A rocket scientist has kicked in money, so has a chemist, an artist, a computer programmer and a Las Vegas music mogul.
Albert Einstein said it was impossible to travel backwards or forwards in time, but he would have stuck to that belief, wouldn't he? For even a particle to make such a journey would have gone against the rules of his greatest claim to fame : the theory of relativity.
But to prove that it is possible to go backwards in time doesn't necessarily mean that Einstein was wrong.
A University of Washington scientist believes it might just be possible for "light particles to act in reverse time". It's not a completely radical idea, quantum physics, and scientific observations, have already shown it is possible.
From the Seattle Post Intelligencer :
Cramer, a physicist, for decades has been interested in resolving a fundamental paradox of quantum mechanics, the theory that accounts for the behavior of matter and energy at subatomic levels. It's called the Einstein-Podolsky-Rosen paradox.
It was set up by Albert Einstein (and two other guys named Rosen and Podolsky) in the 1930s to try to prove the absurdity of quantum theory. Einstein didn't like quantum theory, especially one aspect of it he ridiculed as "spooky action at a distance" because it seemed to require subatomic particles interacting faster than the speed of light.

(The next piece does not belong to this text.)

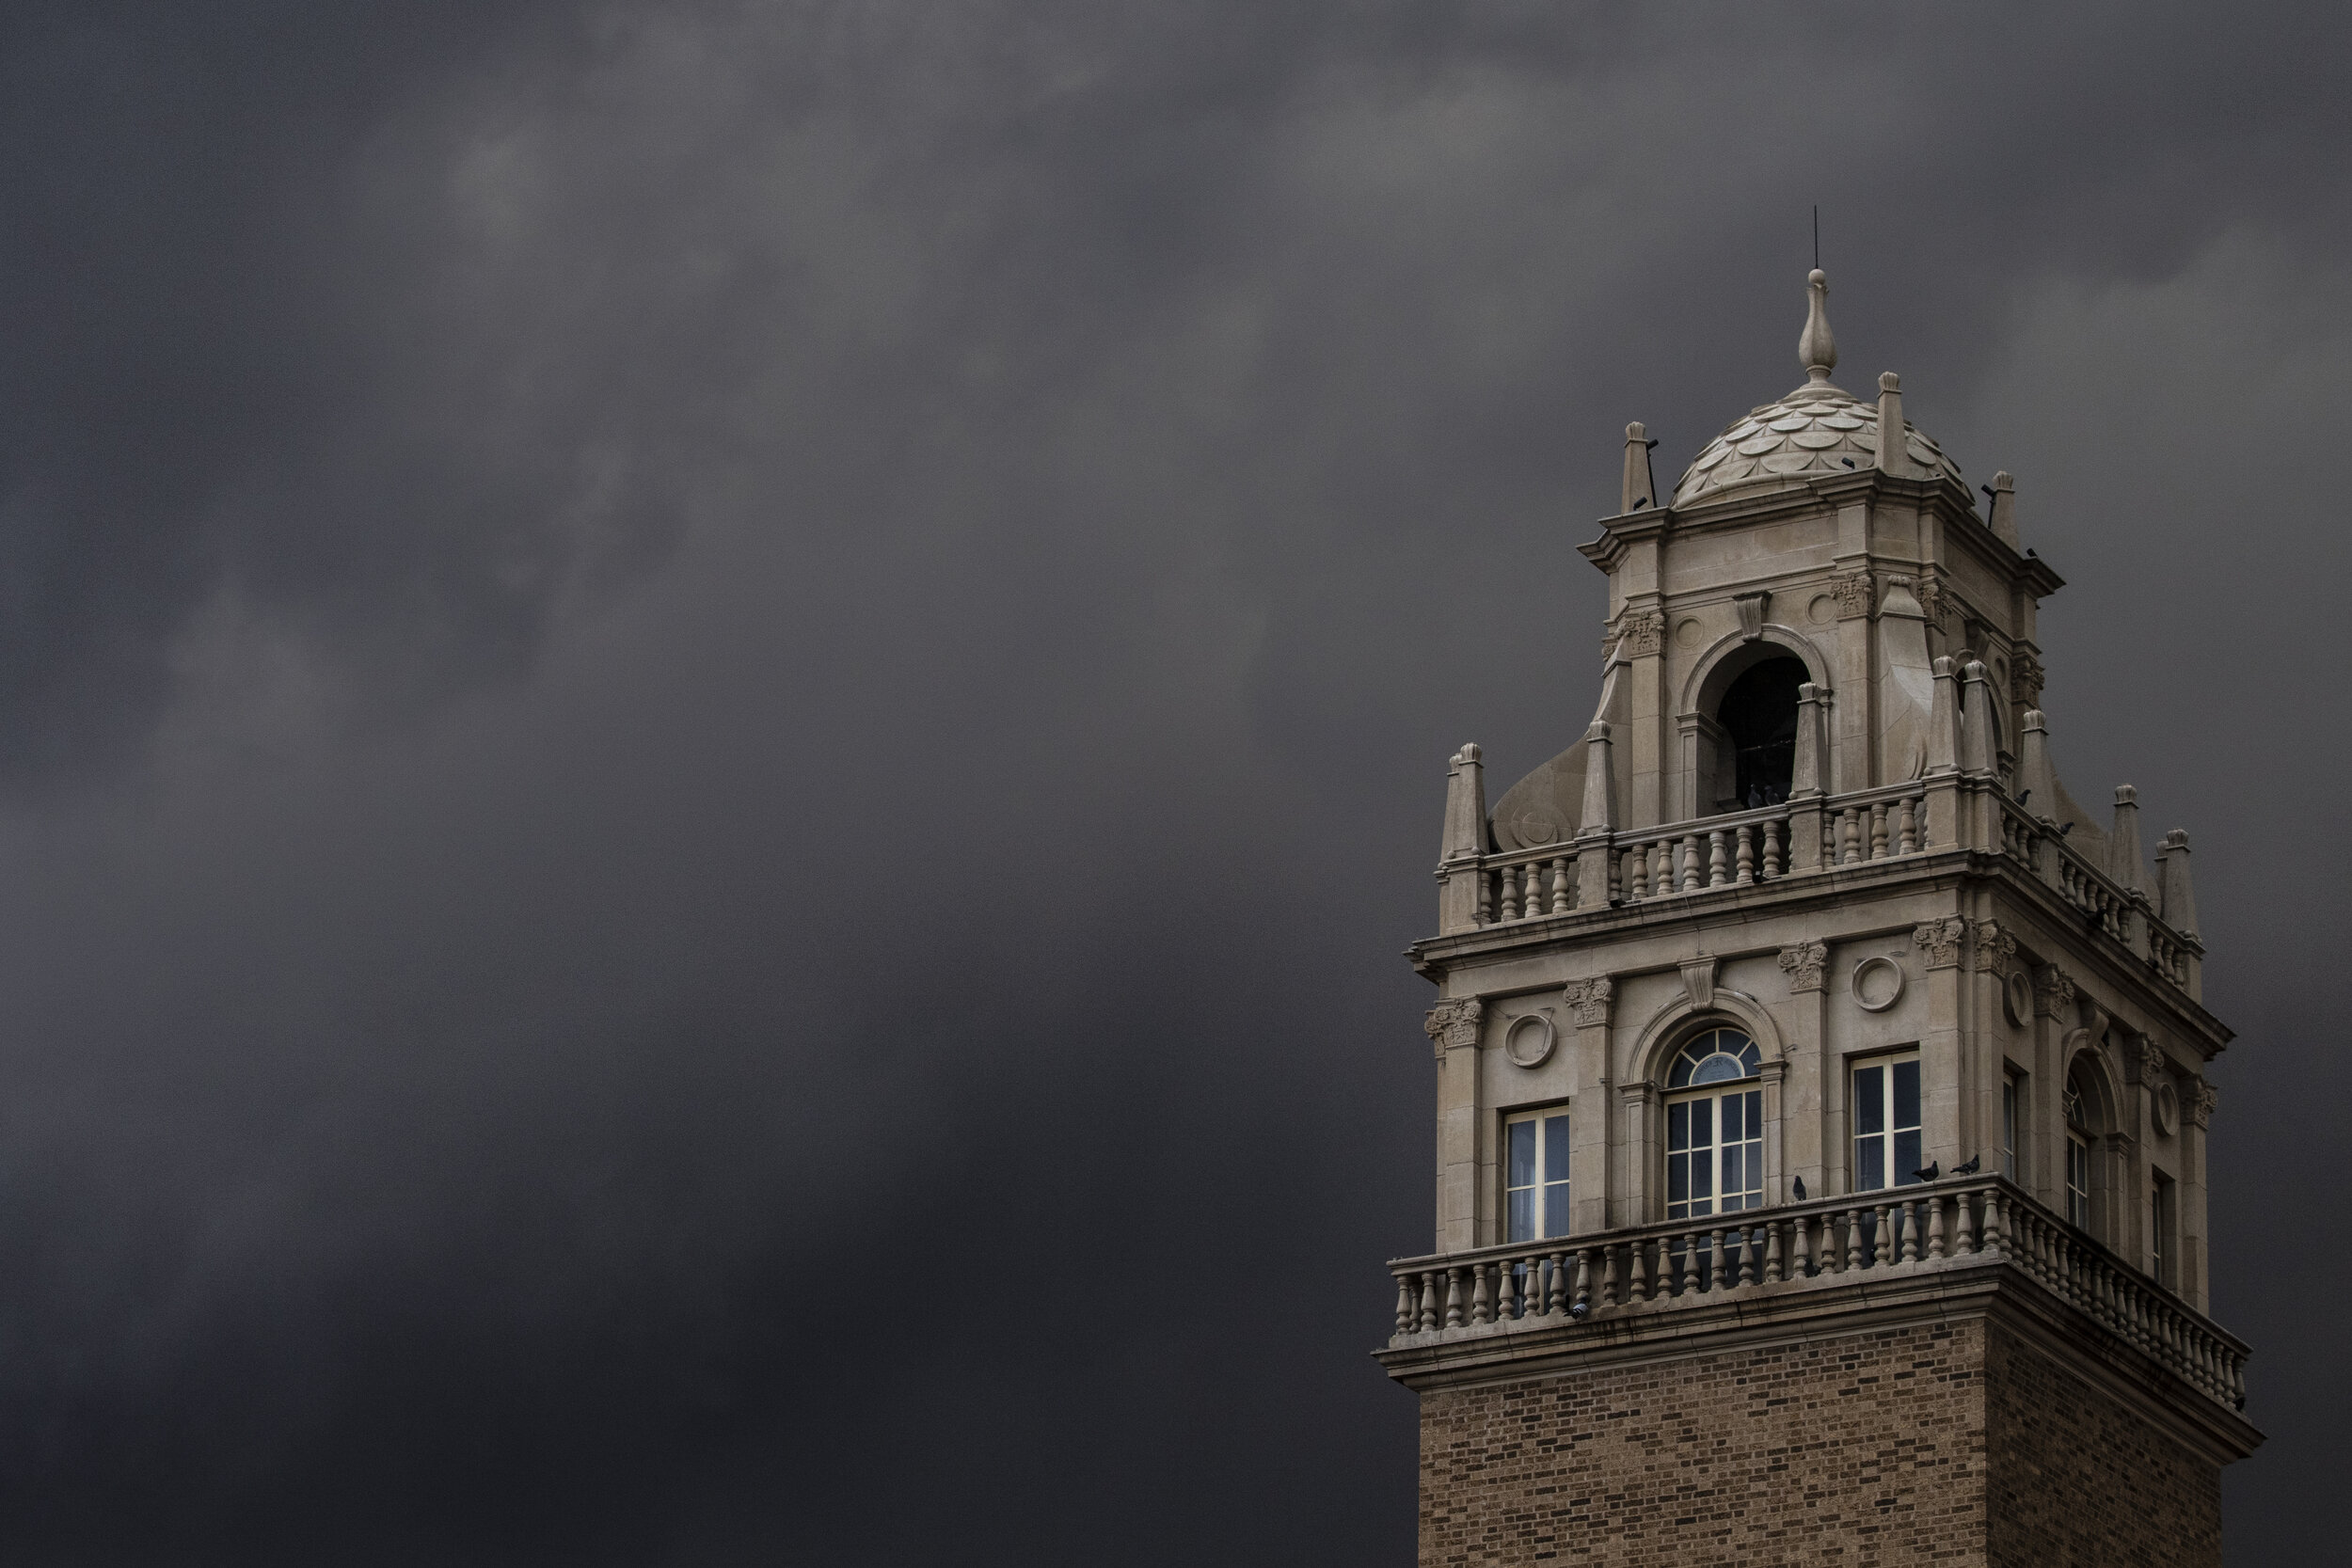  The Texas Tech bell tower becomes engulfed in a spring storm on Monday, March 22, 2021.

However, experimental evidence has continued to pile up demonstrating the spooky action. Two subatomic particles split from a single particle do somehow instantaneously communicate no matter how far apart they get in space and time. The phenomenon is described as "entanglement" and "non-local communication."

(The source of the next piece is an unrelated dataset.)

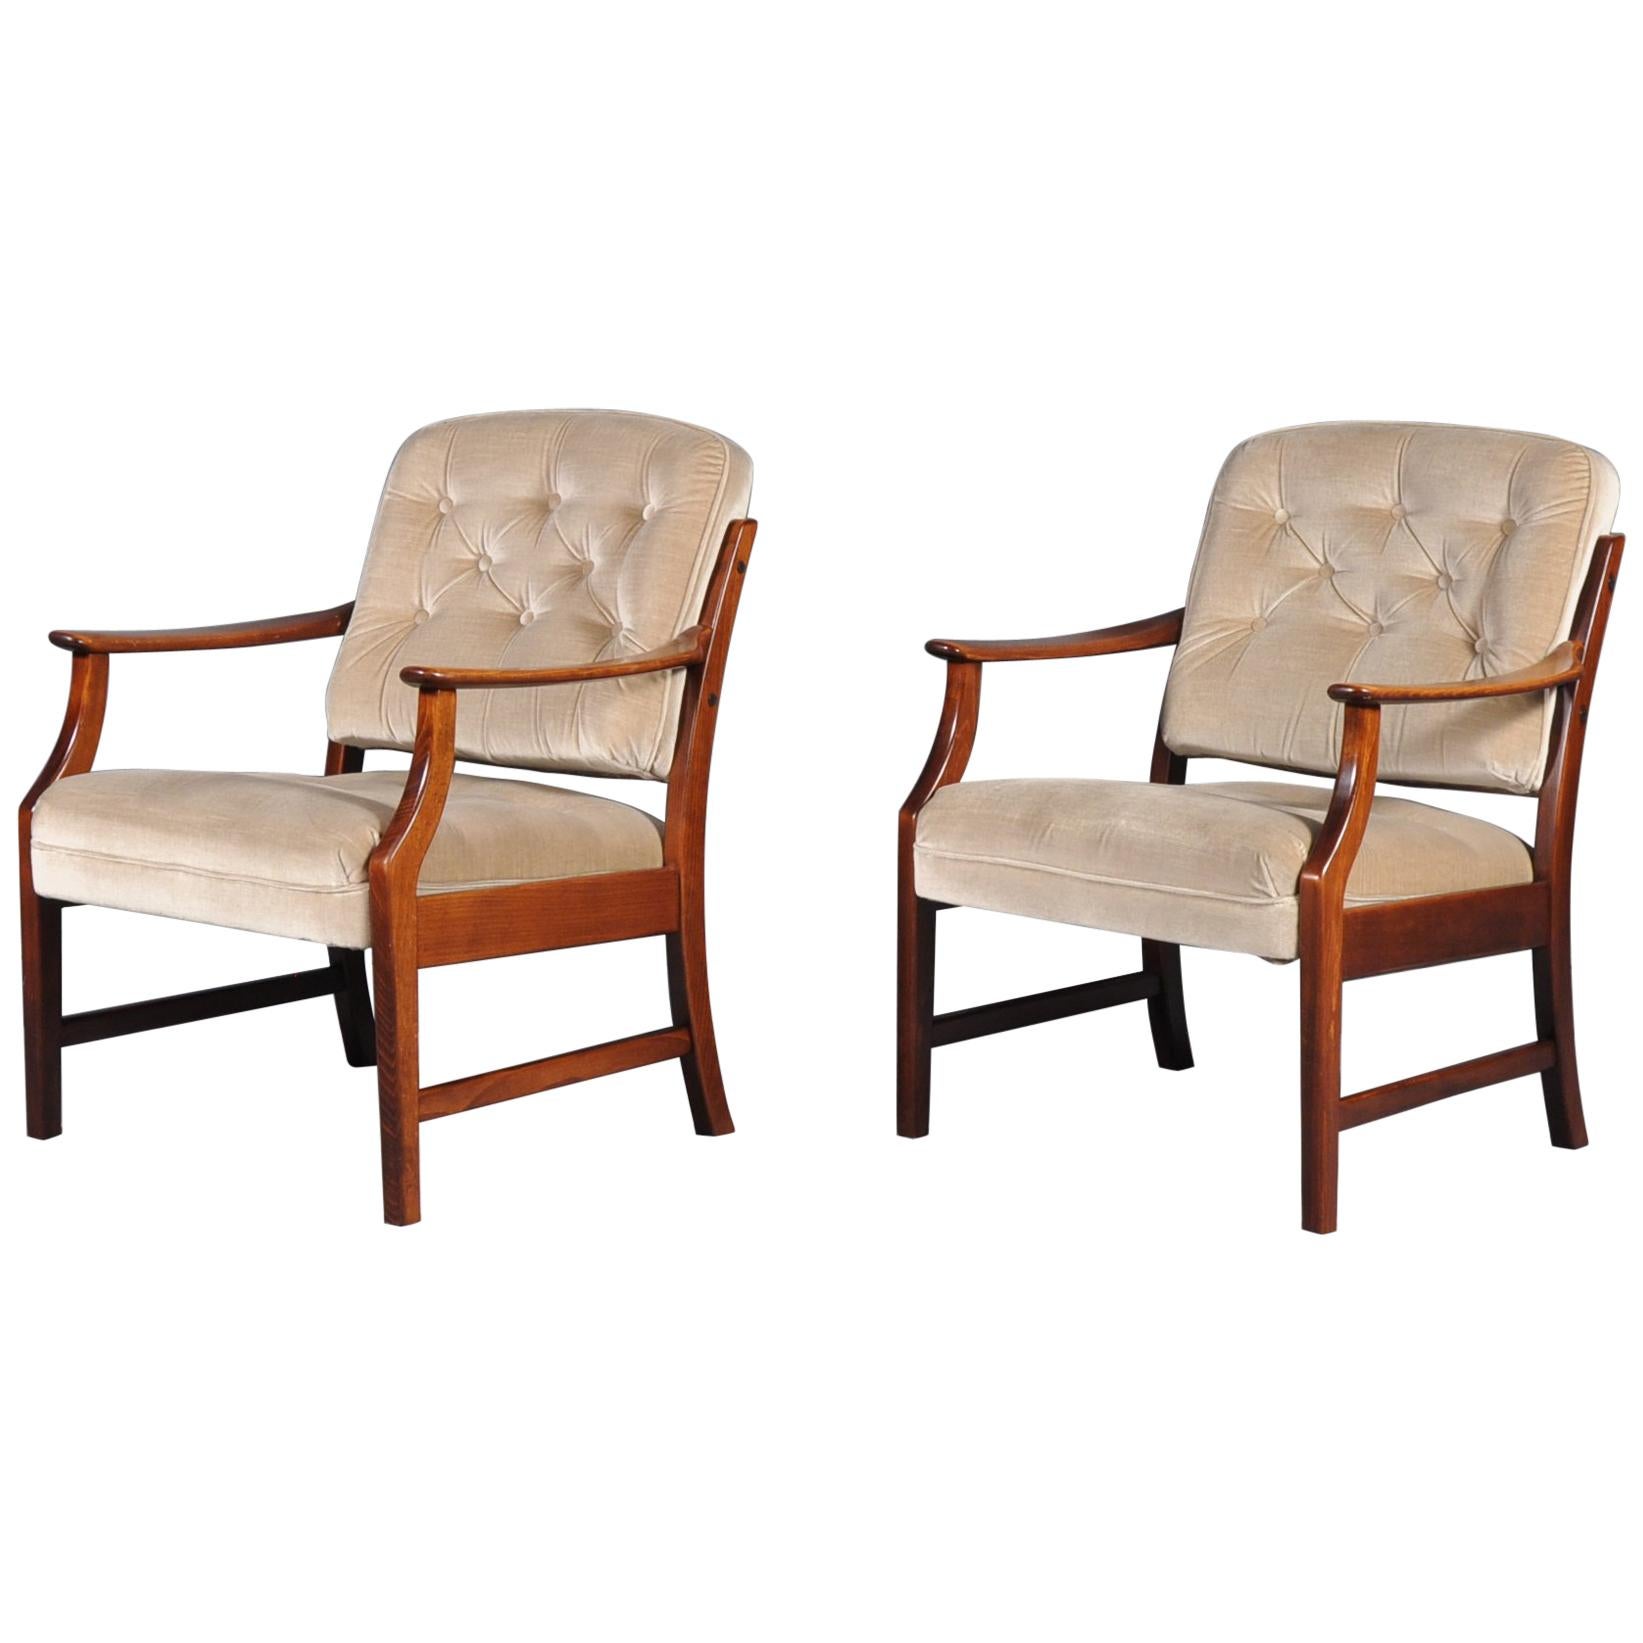 Pair of Two Danish Midcentury Modern Arm Dining Chairs, 1960s For Sale

For example, one high-energy photon split by a prism into two lower-energy photons could travel into space and separate by many light years. If one of the photons is somehow forced up, the other photon -- even if impossibly distant -- will instantly tilt down to compensate and balance out both trajectories.

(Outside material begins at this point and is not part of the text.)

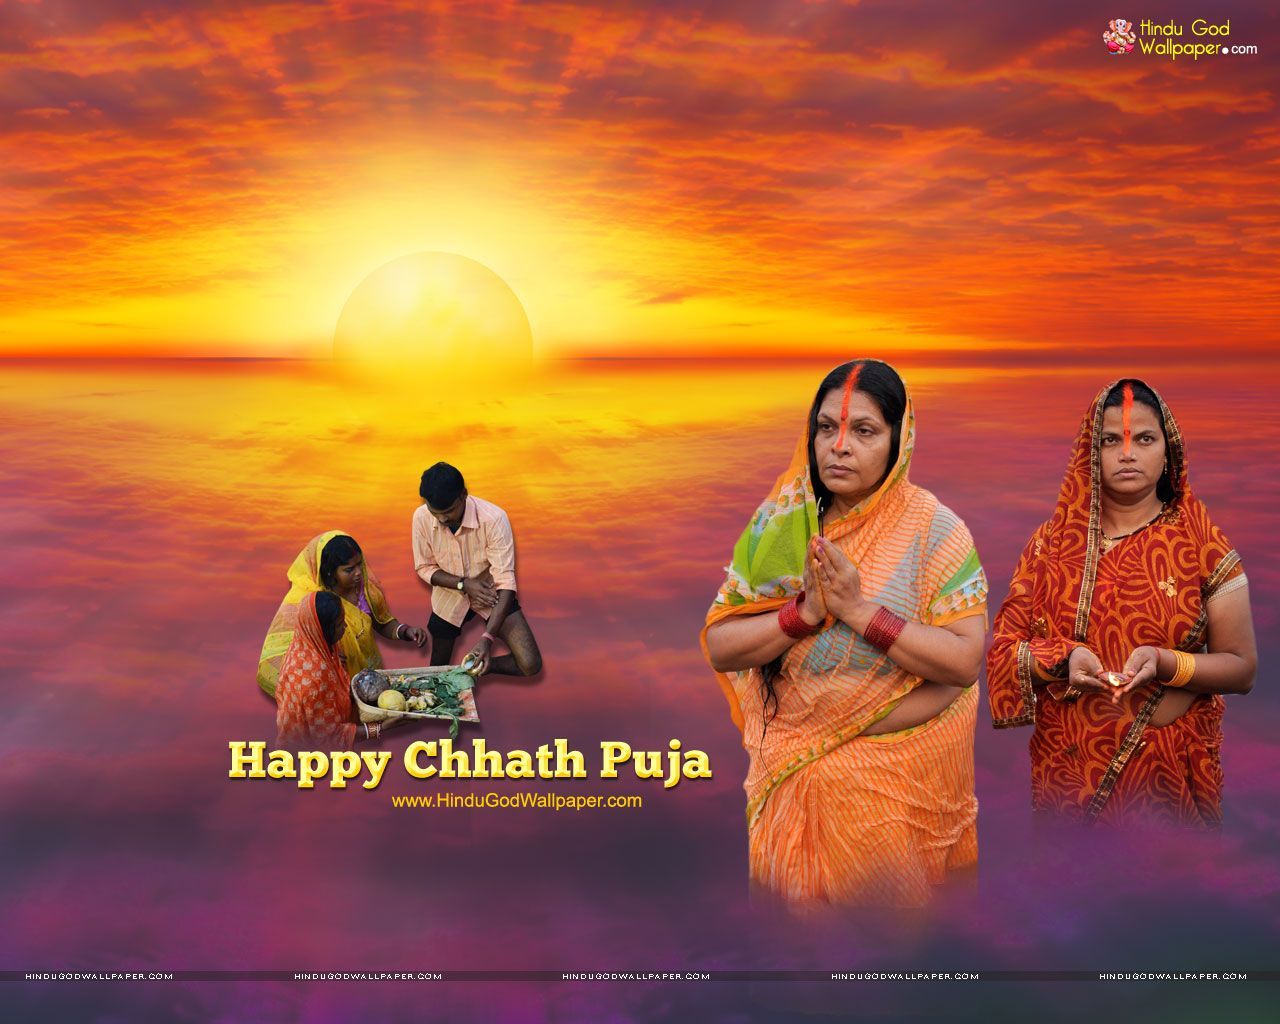 2996 Chhath Puja Image Images Stock Photos  Vectors  Shutterstock

As the evidence for this has accumulated, several fairly contorted and unsatisfying efforts have been aimed at solving the puzzle. Cramer has proposed an explanation that doesn't violate the speed of light but does kind of mess with the traditional concept of time.
"It could involve signaling, or communication, in reverse time," he said.
He has proposed a relatively simple bench-top experiment using lasers, prisms, splitters, fiber-optic cables and other gizmos to first see if he can detect "non-local" signaling between entangled photons. He hopes to get it going in July. If this succeeds, he hopes to get support from "traditional funding sources" to really scale up and test for photons communicating in reverse time.
"I'm not crazy," he confirmed. "I don't know if this experiment will work, but I can't see why it won't. People are skeptical about this, but I think we can learn something, even if it fails."
Cramer said it's possible that the primary goal of his experiment could fail and yet still produce something of value. Some new subtlety about the nature of entanglement could be revealed, he said, even if the photons don't engage in measurable non-local communication. The "disentanglement" itself, he said, could be quite revealing.